Anyone out their got a good 'burley' recipe and thoughts on delivering it to the fish? 

John


----------



## troppo (Feb 1, 2006)

(1) Recipe: Do not take any seasick tablets and eat lots of sardines and bread before going fishing.

(2) Delivery: Keep eyes on horizon until ready to deliver. Then wear glasses and read fishing legal length booklet. After that, it is simply out and away as far as possible.

------------------------------------------------------

I am keen on trying some (sensible) burleying and been wondering if those bought mixes are useful. I have also wondered about water movement washing away the burley as the creeks usually have rip roaring currents. Maybe a good spot may be around the rocky cliffs on the islands I have been exploring.


----------



## Ferret (Oct 31, 2006)

troppo said:


> (1) Recipe: Do not take any seasick tablets and eat lots of sardines and bread before going fishing.
> 
> (2) Delivery: Keep eyes on horizon until ready to deliver. Then wear glasses and read fishing legal length booklet. After that, it is simply out and away as far as possible.
> 
> ...


Hi Troppo

Sorry, your recipe won't work in the Brunswick River  Not enough up and down, and side to side going on.

John


----------



## Heno (Jul 3, 2006)

G'day ferret. I use a 20m length of 4mm rope on a handline spool with a styrofoam ball float tied on about 1m above a 50cm long piece of 40mm pvc pipe with a screw cap on each end. Just give it jiggle from time to time to release the contents. The burley itself is whatever is found in the freezer with some tuna oil added.


----------



## Scott (Aug 29, 2005)

Mate I mince fish scraps and offal and freeze it in a suitable sized container. The frozen block is then dropped into a keeper net or orange bag ect dependent on sea conditions and current and allowed to diffuse in the current as it defrosts. I attach my mince bag to a rod set so the drag will slip rather than me get tipped out of the yak if a shark decides to grab it.

Catch ya Scott


----------



## troppo (Feb 1, 2006)

Scott said:


> I attach my mince bag to a rod set so the drag will slip rather than me get tipped out of the yak if a shark decides to grab it.


Ya spoilsport. :shock: 8)


----------



## Jake (Sep 23, 2005)

Ive never intentionally burleyed in my life.... 8)


----------



## bazzoo (Oct 17, 2006)

Troppo, you idiot, i nearly wet my pants reading your post , you are a very funny man :lol: :lol: :lol:


----------



## Guest (Dec 3, 2006)

I use the minced fish scraps and prawn shells chook pellets half pillies etc but I also use the Berkely packaged burley. I ususally throw tiny handfuls over every few minutes, I like the Berkley because of its ease of use limited stink and the fact it seems to work particularly on bream, gar and squire.


----------



## Dodge (Oct 12, 2005)

Puncture a tin of cheap fish cat food in many places with a screw driver, and tie with a long length of line to your yak, then jiggle every so often, if the man in the grey flannel suit arrives he'll take the lot and snap the line

Can also tie the can to a river bank and fish towards that area


----------



## JB (Jul 5, 2006)

here in NZ berley is used alot with the technique slightly adpted for the yak (mainly due to Mr Bitey)
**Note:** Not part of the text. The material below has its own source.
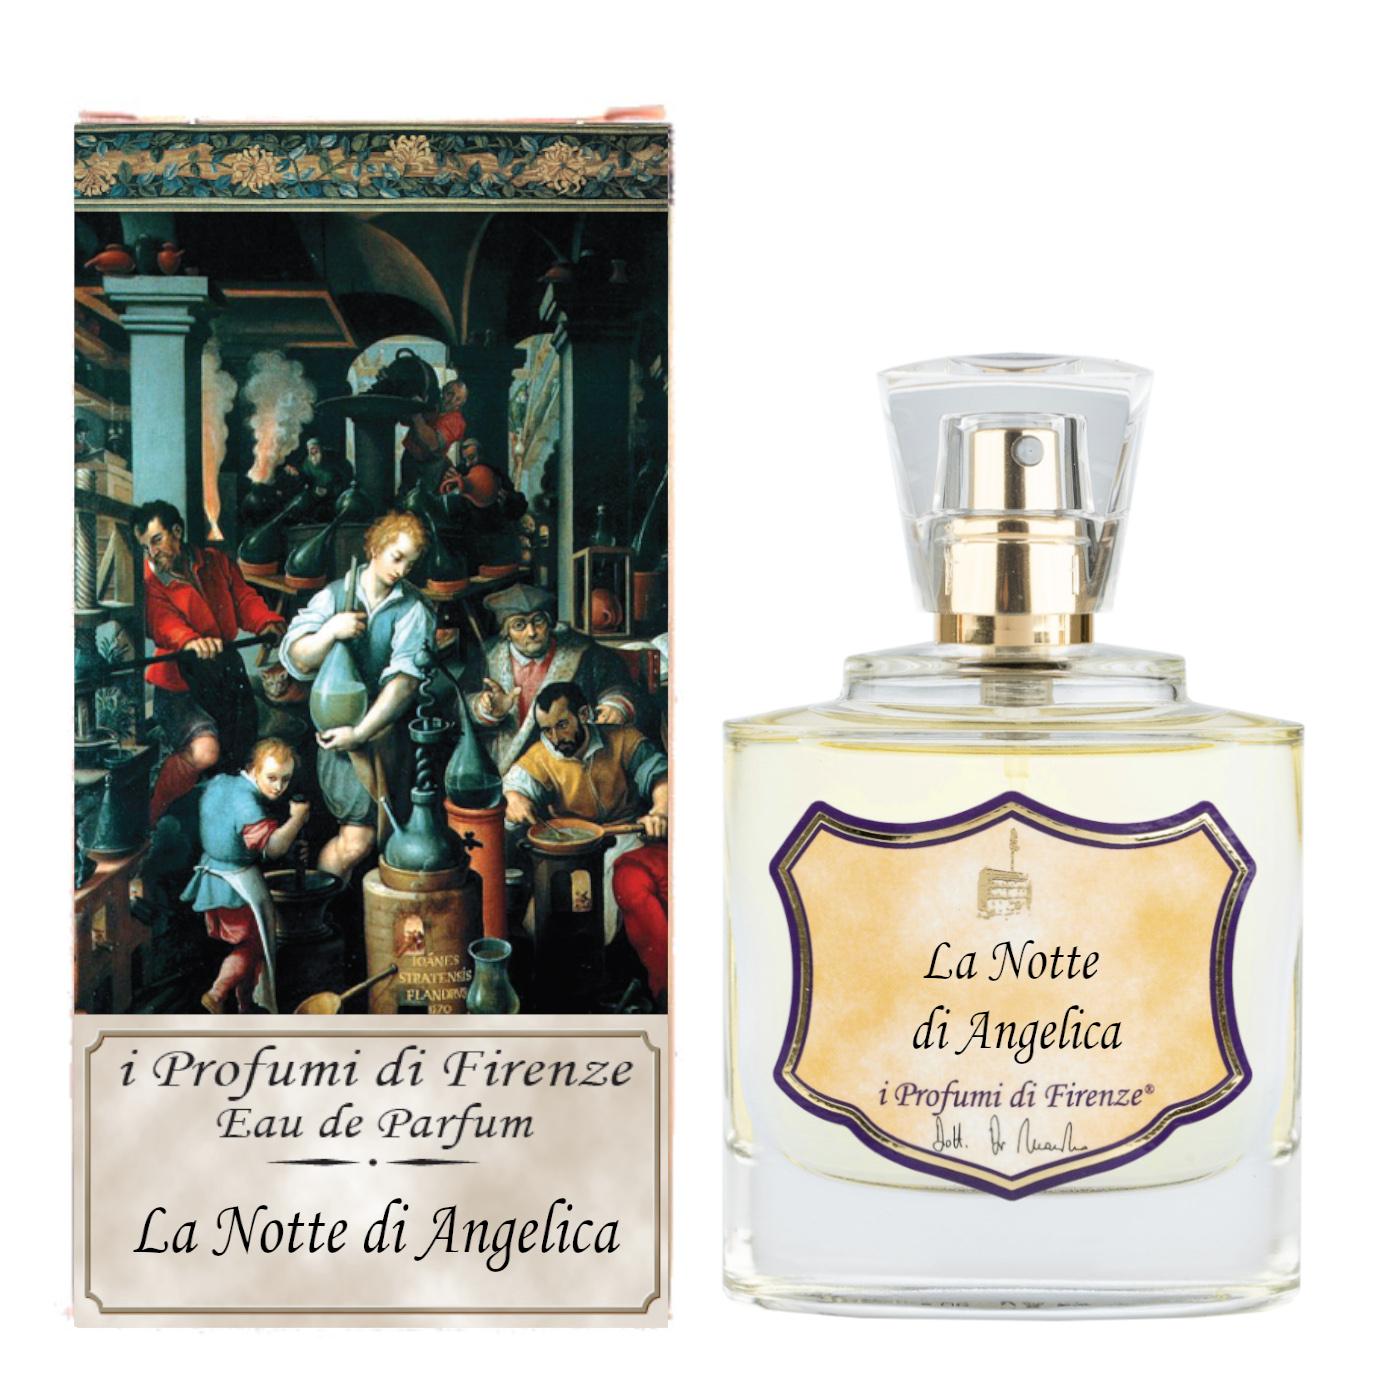 LA NOTTE DI ANGELICA - Eau de Parfum-4129

Lately I've been using salmon feeding pellets - they feed the salmon these in the fish farms. They are extremely oily when they are in the water (in the weekend I could see a slick on the surface beyond where I could see.

Some tips:
- don't attach your berley bag to your anchor rope. We have had incidents in NZ (lucky not on a yak) where sharks take the berley bag and also get the anchor line caught in there mouths - I'll leave the rest to your imagination
- don't tie it on to your yak with anything of any strenght, some 30lb mono should do
- if possible use and independent system.
- if possible don't use a fish blood mixture
- not ever is any location where sharks are known
- if you are berleying make sure your bait goings into the berley trail as if its not you are encouraging the fish away from your bait. :roll: 
- larger fish generally sit back in the berley trail and let the smaller (read dumber) fish in first. Often the bigger snapper are take from the "out the back" baits

The independent system I use is 
- 1 x plastic 2 litre milk bottle filled with sand
- then rope attached with dropped 2 - 3 metres from bottle. attach berley bag here with 80lb mono
- then drop to bottom and tighten up in location, then attached the second 2 litre (empty) as a float on the surface.
- then anchor slightly upcurrent and to one side. Cast into berley stream and let bait float down berley current before nailing the big one

I often add to the trail with a hand full of pre soaked berley pellets mushed up into golf ball size then hurled out into the trail (they breakup on hitting the water).

interested to see what others use for berleying techniques

regards


----------